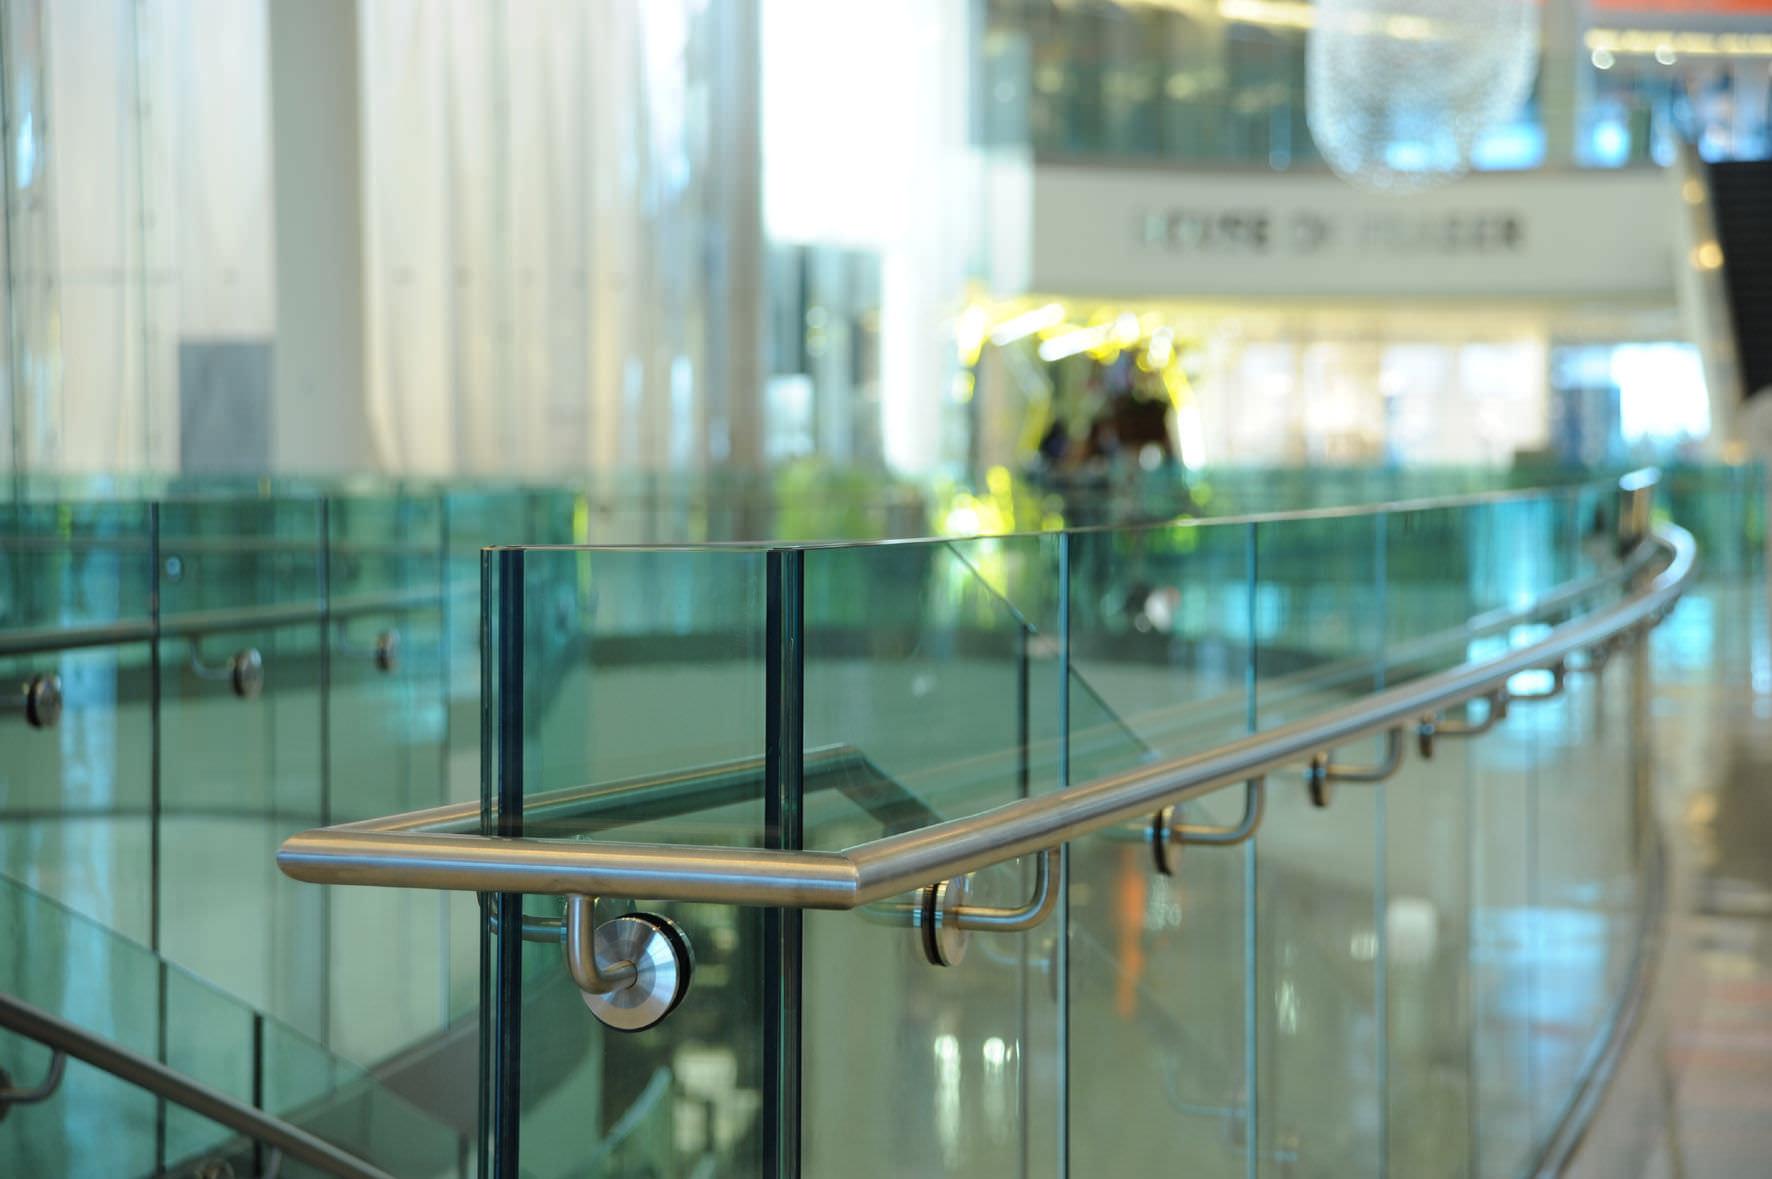 Barandas vidriadas de seguridad vidrios especiales for Barandas de seguridad
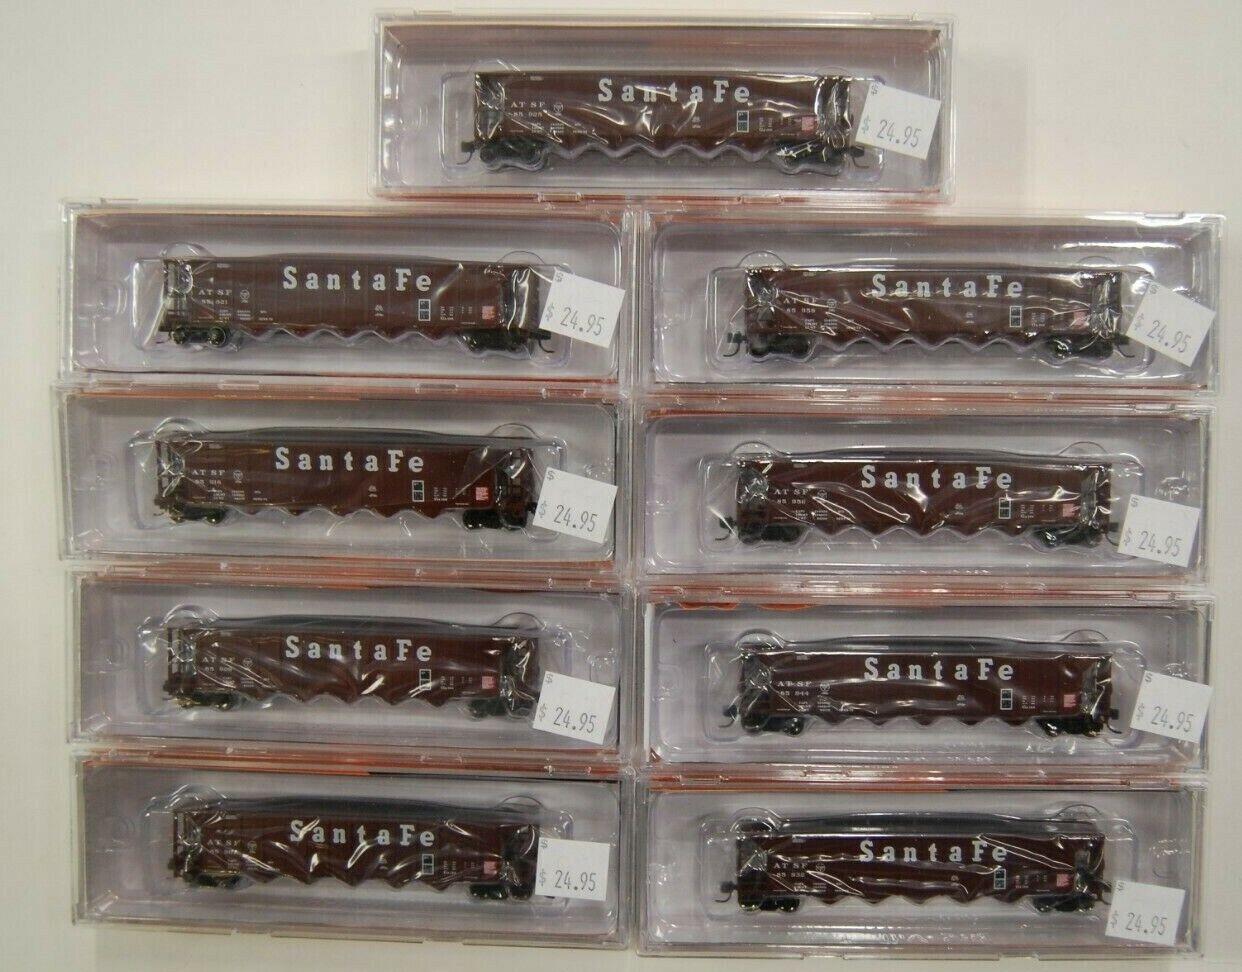 N Scale Fox Valley Models 83602, Ortner Hopper, Assortment 9 x Santa Fe (1-9)
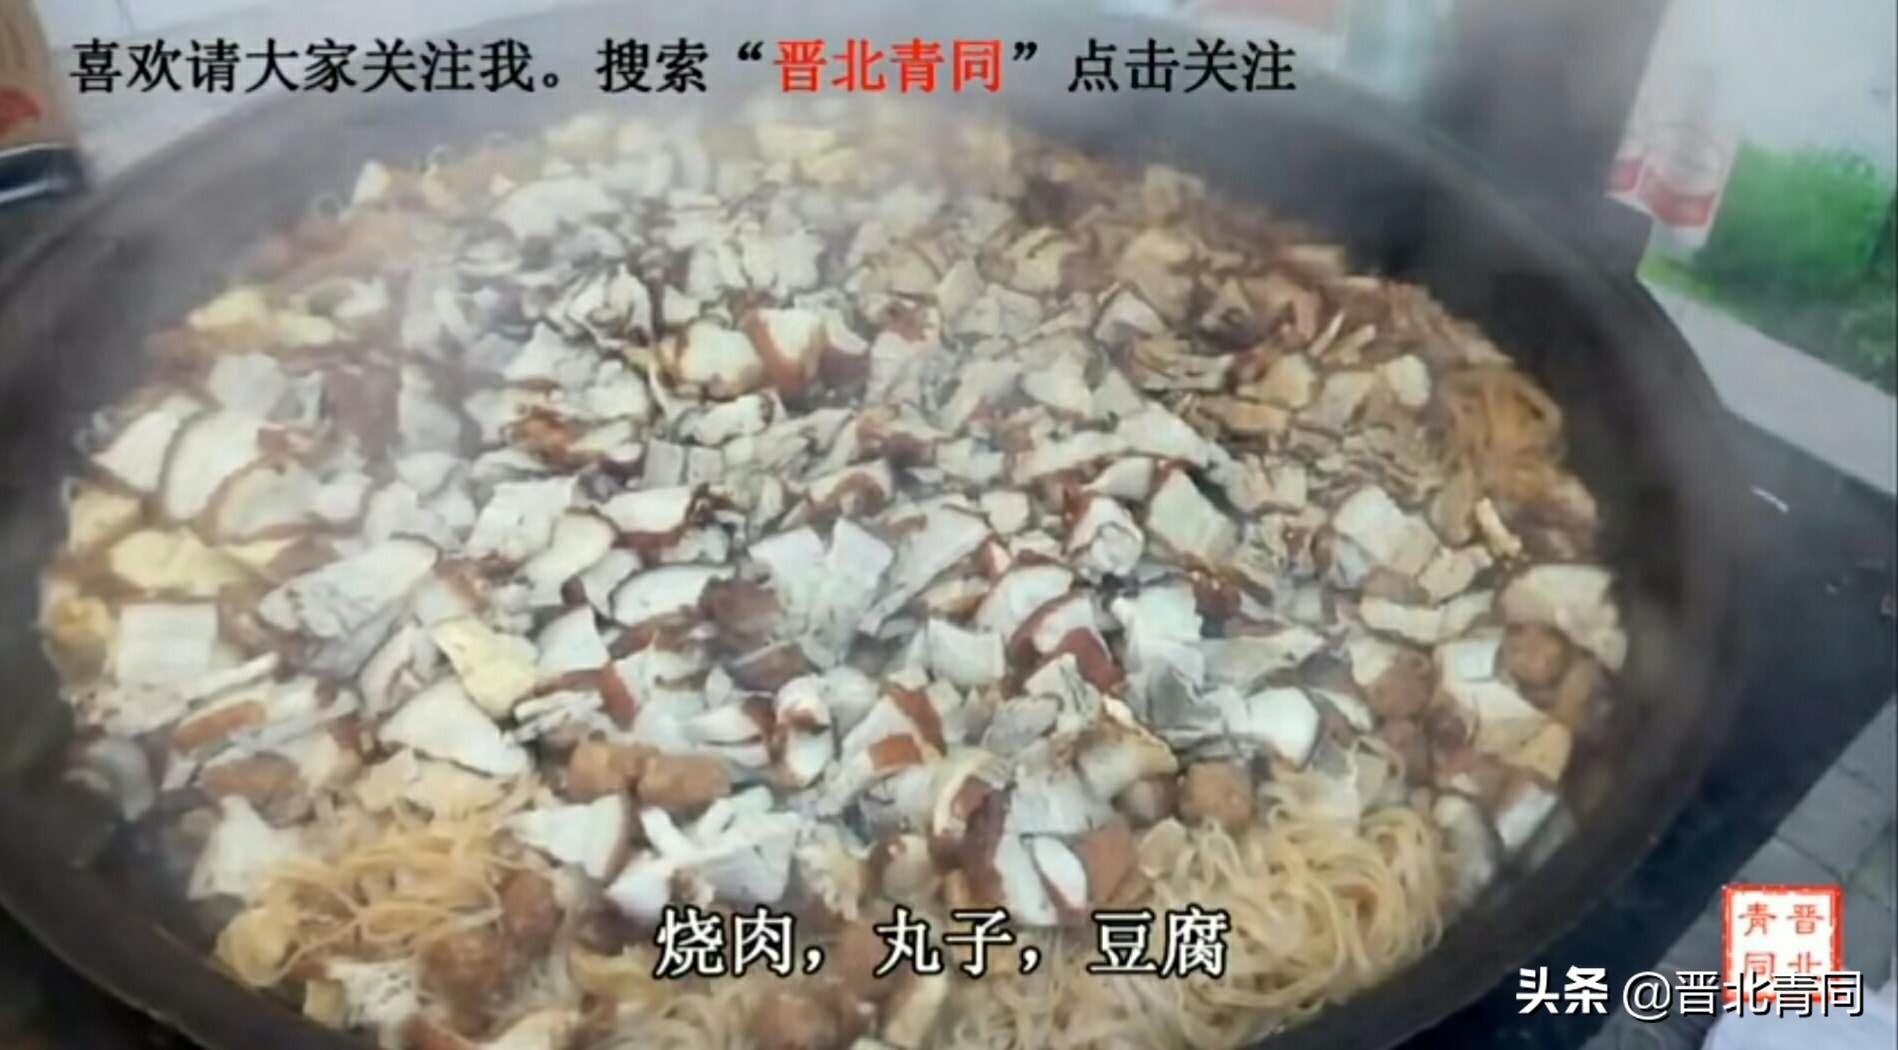 青同:山西原平大烩菜,做法你了解多少? 晋菜菜谱 第1张

● Work instructions: Apart from the pictures, every line above must be printed exactly.

● Result of the exercise:
 Barandas vidriadas de seguridad vidrios especiales for Barandas de seguridad
 N Scale Fox Valley Models 83602, Ortner Hopper, Assortment 9 x Santa Fe (1-9)
 青同:山西原平大烩菜,做法你了解多少? 晋菜菜谱 第1张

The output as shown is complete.